* **WHAT NEEDS TO BE DONE**
From the entries below, print exactly the span beginning with the line holding "Pierre Passereau Il" and ending with the line holding "В Гродно мужчина", endpoints included, and skip any pictures.

* **RAW DATA**
============================================================

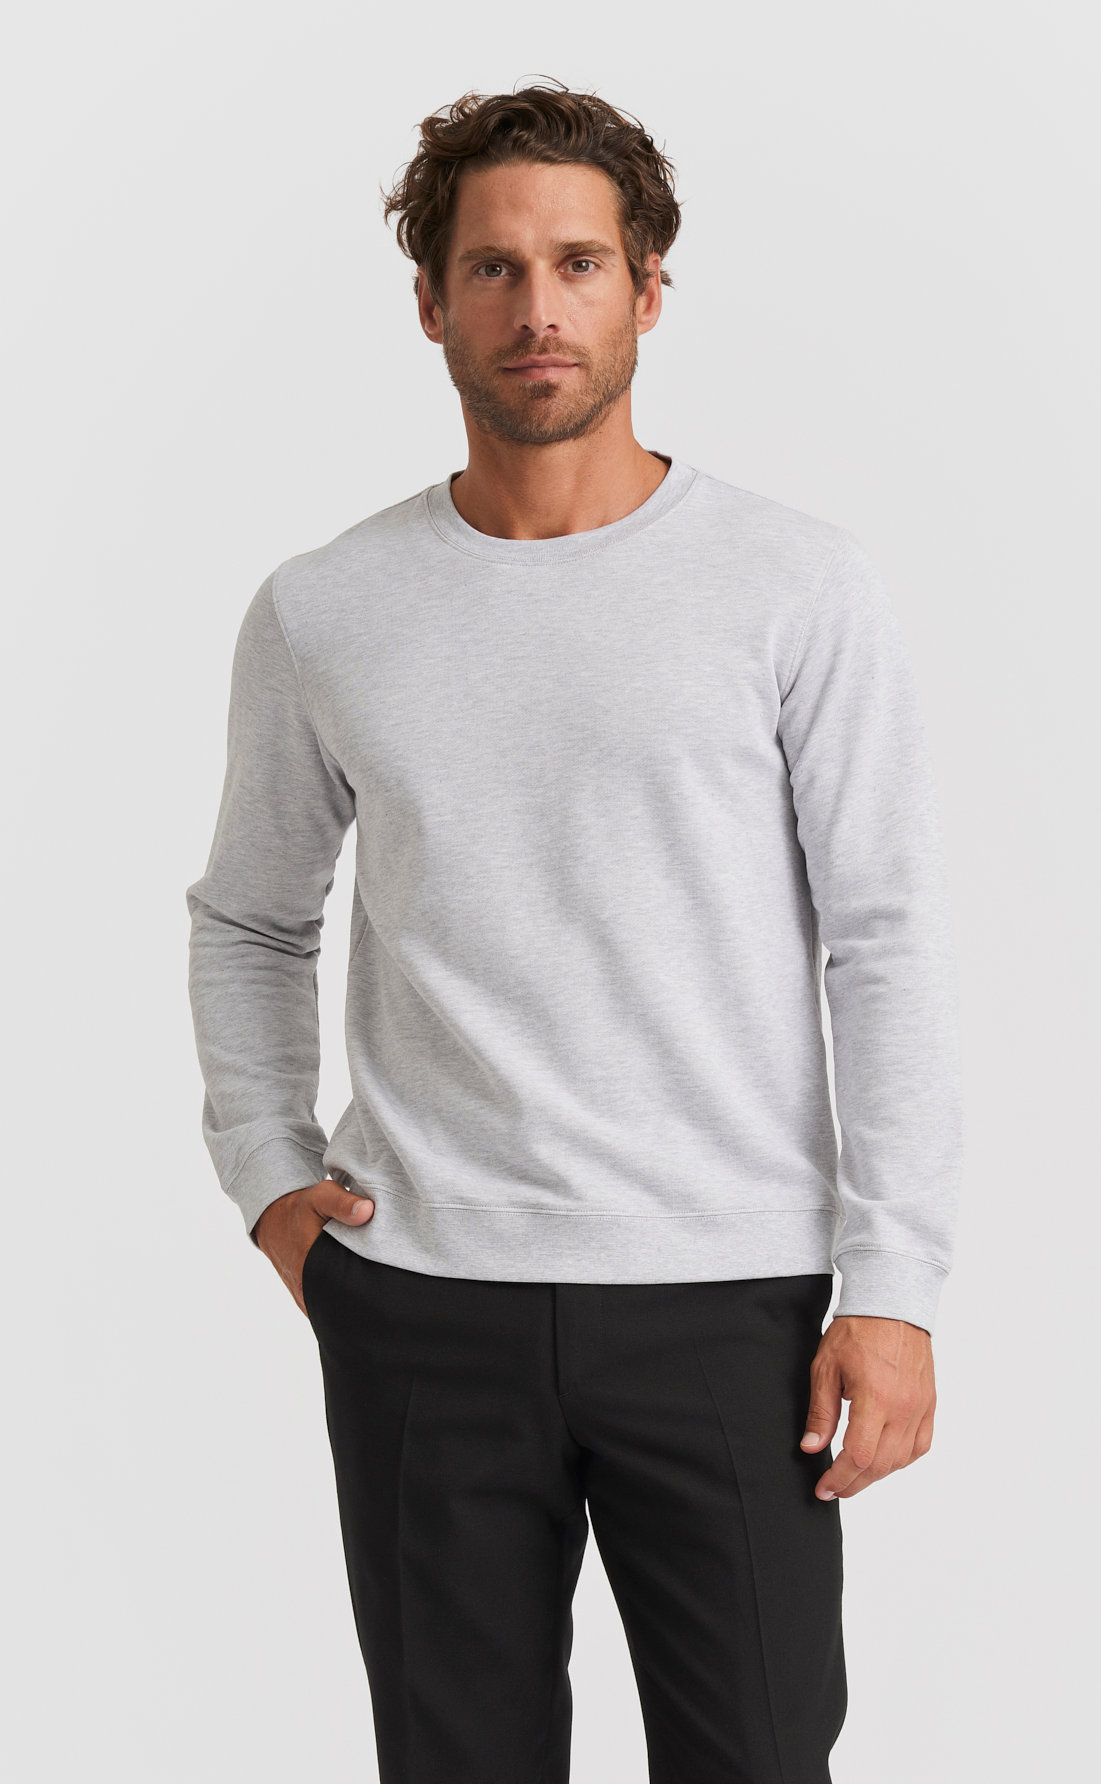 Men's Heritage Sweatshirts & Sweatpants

============================================================

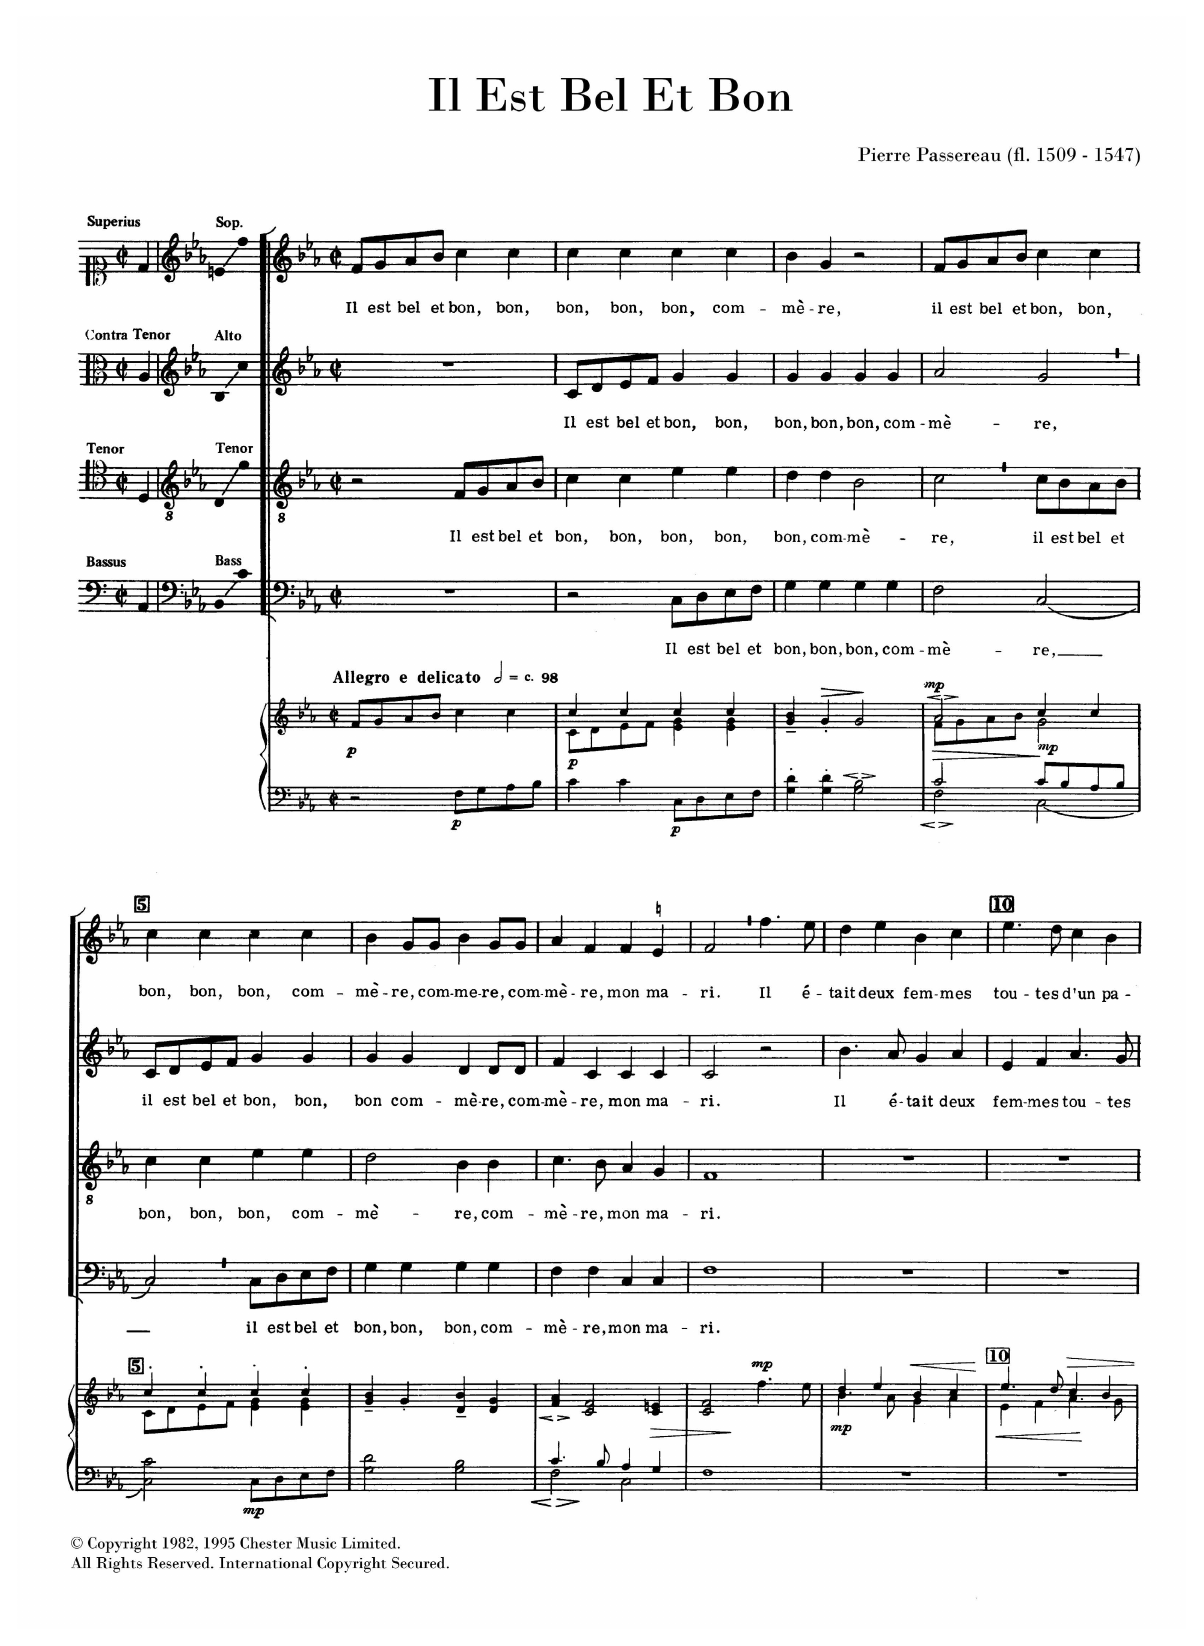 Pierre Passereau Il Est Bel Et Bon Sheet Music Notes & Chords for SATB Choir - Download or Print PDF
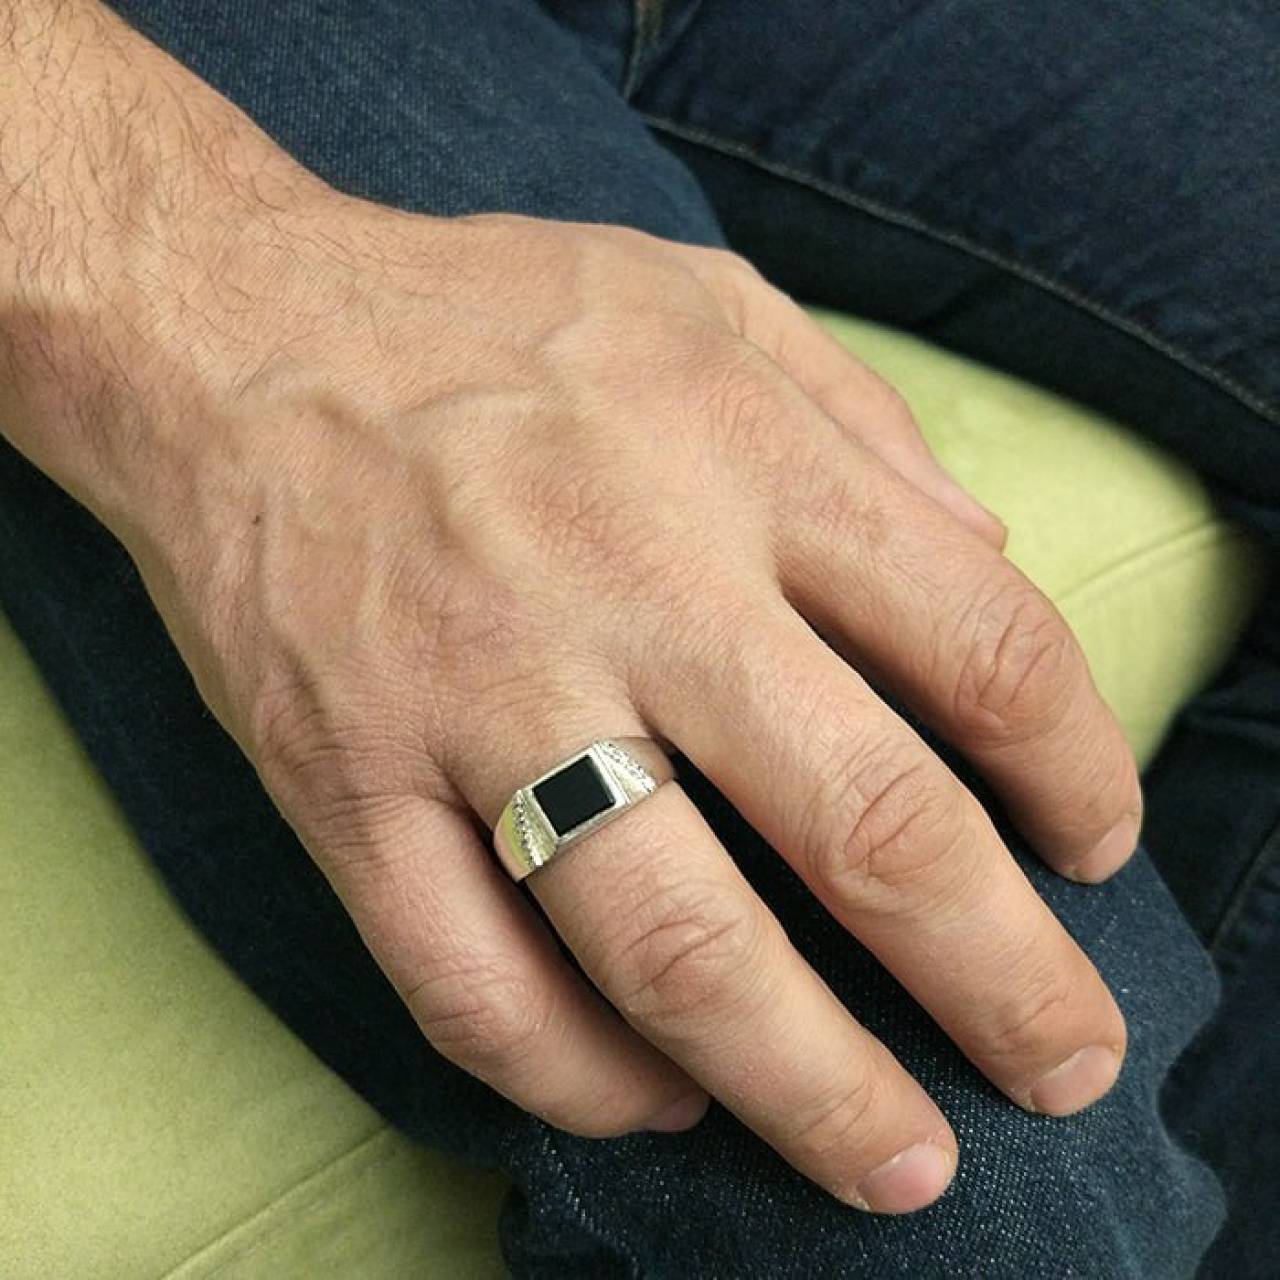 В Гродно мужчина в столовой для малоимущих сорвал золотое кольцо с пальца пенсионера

============================================================

* **EXERCISE OUTPUT**
 Pierre Passereau Il Est Bel Et Bon Sheet Music Notes & Chords for SATB Choir - Download or Print PDF
 В Гродно мужчина в столовой для малоимущих сорвал золотое кольцо с пальца пенсионера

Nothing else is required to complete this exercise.